With flu season among us, many people dress warmer, wash their hands more frequently and may even make an appointment to receive a flu shot. Faculty members and students alike are not immune to these illnesses, and thus must be prepared to fight them. “
Vaccines have been incredibly important for reducing or eliminating various infectious diseases,” said Professor of Genetics and Immunology, Eric Calhoun.
Outbreaks of illnesses such as the flu are very common, happening almost every year. This month, schools in multiple states were forced to shut down due to lack of student and teacher presence. More than 20 states have reported high activity in flu-like illnesses.
Along with school cancellations, some hospitals are also asking individuals to limit their visitations with loved ones.

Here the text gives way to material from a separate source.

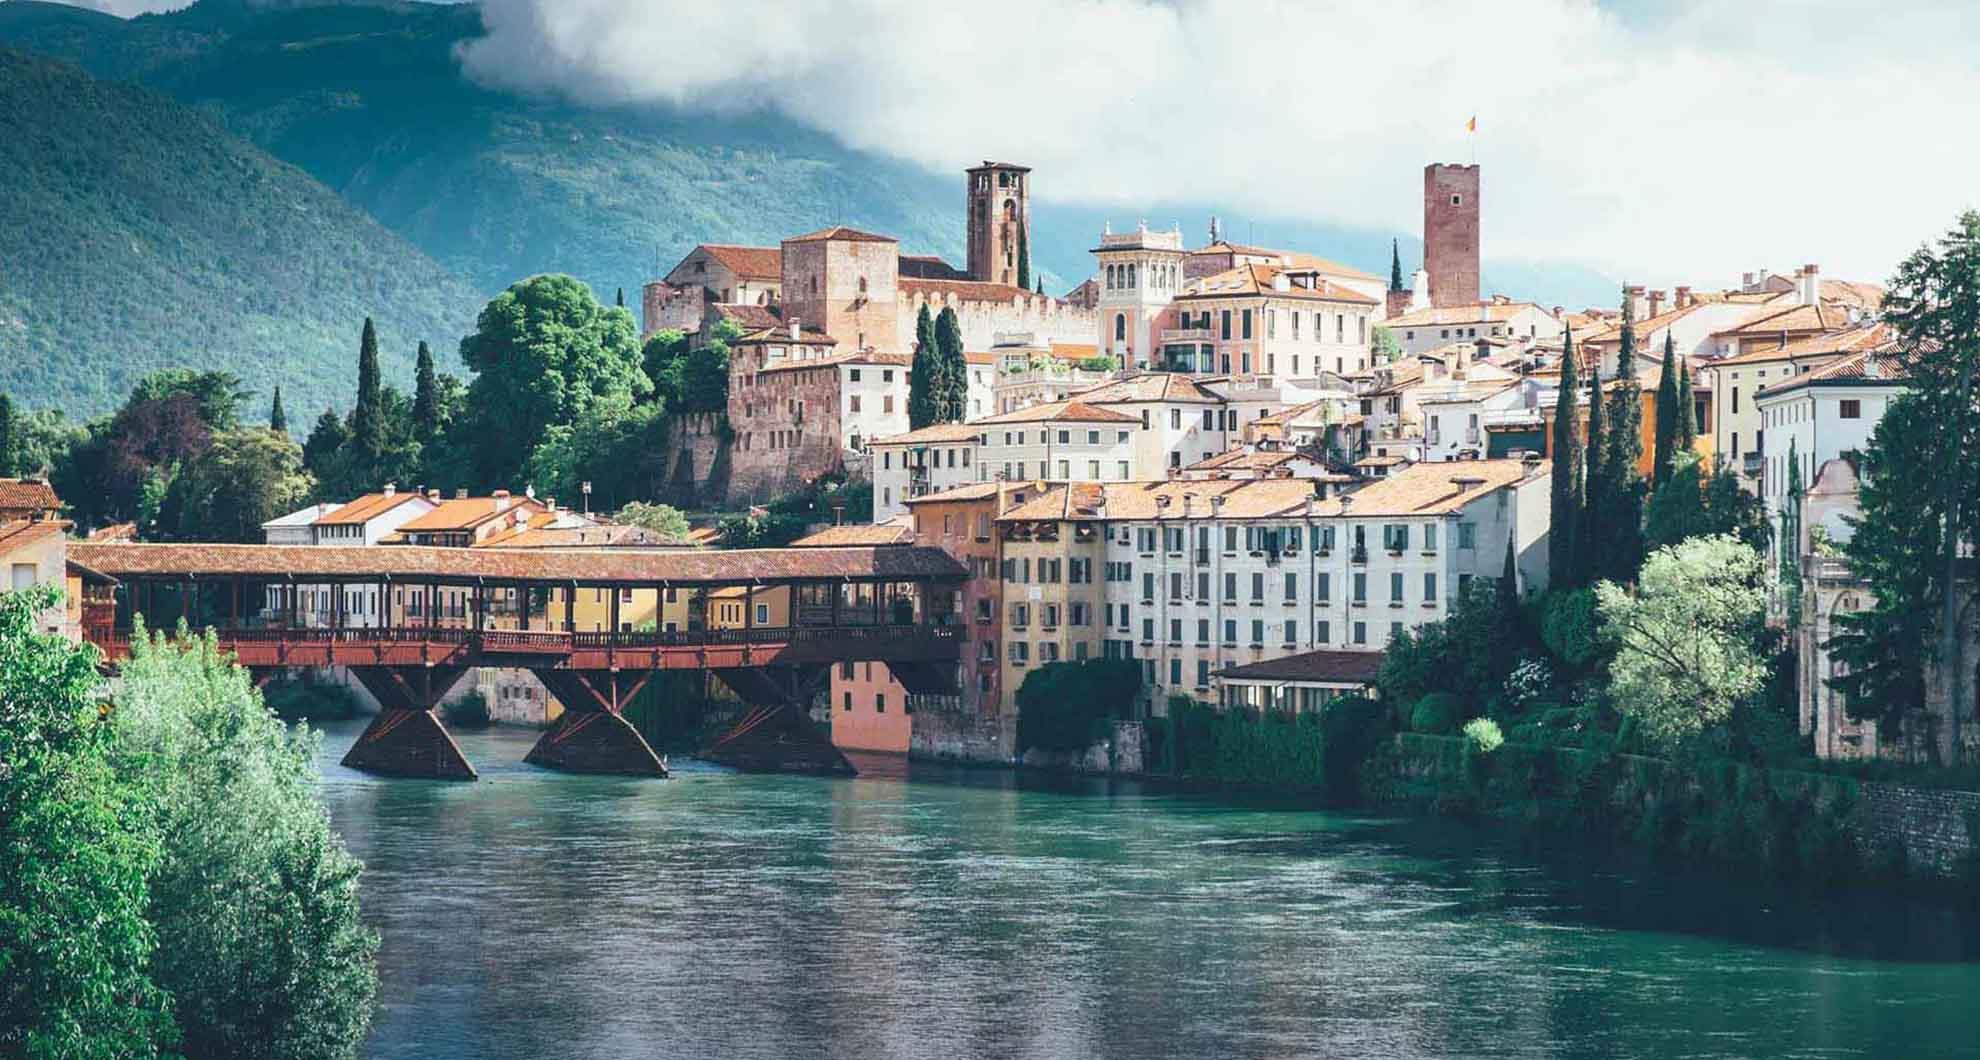 Architetto Bassano Del Grappa 5 cose che devi vedere assolutamente di bassano | living bassano

It seems as if there’s an influenza outbreak each year, and a different strain each time. Doctors and immunologists attempt to offer vaccinations for the particular strain going around, and it is up to everyone as to whether or not they feel as though they need the immunization.
“I think vaccinations are a wonderful invention because the mortality rates of many deadly diseases have plummeted,” said Courtney Smith (‘21). “I get my yearly flu shot, and any time there is a disease outbreak, such as hepatitis A, I get vaccinated for that as well.”
Alma College has its own immunization requirements, and proof must be shown before students may begin attending classes. There are some vaccinations, such as the one for meningitis, that are required among all students, whether they be in grade school or at the collegiate level. While the college follows these requirements, there are some vaccinations that students have a choice of whether or not they will receive it, such as the vaccine for influenza.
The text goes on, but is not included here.